In the latest release, I finalized the integration of the OpenAI Go SDK into GoloScript, which allows you to write generative AI scripts with the ease and simplicity of GoloScript. This integration will let you use LLMs served by Docker Model Runner, Ollama, Llamacpp, ... and any LLM engine that is compatible with the OpenAI API. And of course it works with platforms that provide OpenAI-compatible endpoints like HuggingFace, Cerebras, etc.

This blog post will be short. My tool of choice for serving LLMs locally is Docker Model Runner (DMR) and its companion Docker Agentic Compose (Agentic for the integration of Docker Model Runner into Docker Compose).

If you're not familiar with them yet, I invite you to read my previous blog posts about them.

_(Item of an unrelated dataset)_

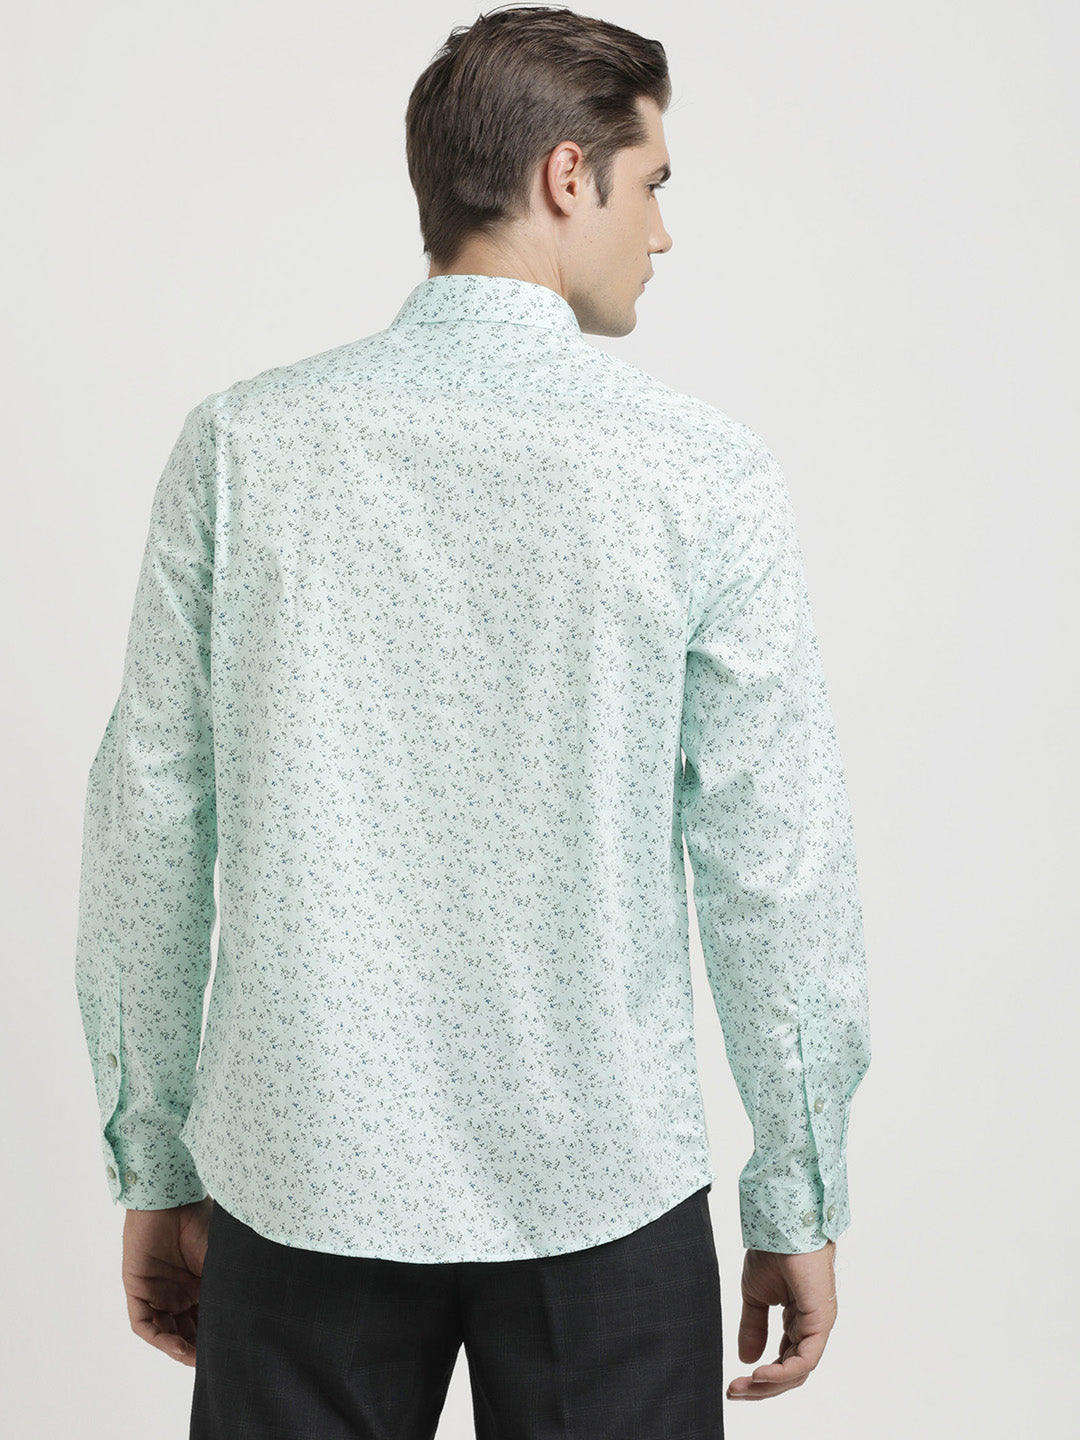 100% Cotton Green Printed Slim Fit Full Sleeve Formal Shirt

So short blog post as well as simple and quick demos.

Compose file

In a folder, create a compose.yml file with the following content:

services:
  goloscript:
    image: k33g/gololang:v0.0.0-alpha.6
    volumes:
      - ./:/scripts
    working_dir: /scripts
    command: /golo main.golo

    models:
      chat-model:
        endpoint_var: MODEL_RUNNER_BASE_URL
        model_var: MODEL_RUNNER_LLM_CHAT

models:
  chat-model:
    model: hf.co/menlo/jan-nano-gguf:q4_k_m

With this compose.yml file, we define a goloscript service that uses the official GoloScript Docker image. We mount the current directory into the container to easily access it. We also define a chat-model that points to a model hosted on HuggingFace. And when the container starts, we execute the main.golo script.

GoloScript Script

Next, create a main.golo file in the same folder with the following content:

module golo.ai.demo

function main = |args| {

  # Configuration
  let baseURL = getenv("MODEL_RUNNER_BASE_URL")
  let apiKey = "I💙DockerModelRunner"
  let model = getenv("MODEL_RUNNER_LLM_CHAT")

  # Create OpenAI client
  let client = openAINewClient(baseURL, apiKey, model)

  # Define model options
  let options = DynamicObject()
    : temperature(0.7)       # Controls randomness (0.0 = deterministic, 1.0 = creative)
    : topP(0.9)              # Nucleus sampling

  println("📝 Model options:")
  println("  Temperature:", options: temperature())
  println("  Top P:", options: topP())
  println()

  # Create messages
  let systemMessage = DynamicObject()
    : role("system")
    : content("You are a creative storyteller.")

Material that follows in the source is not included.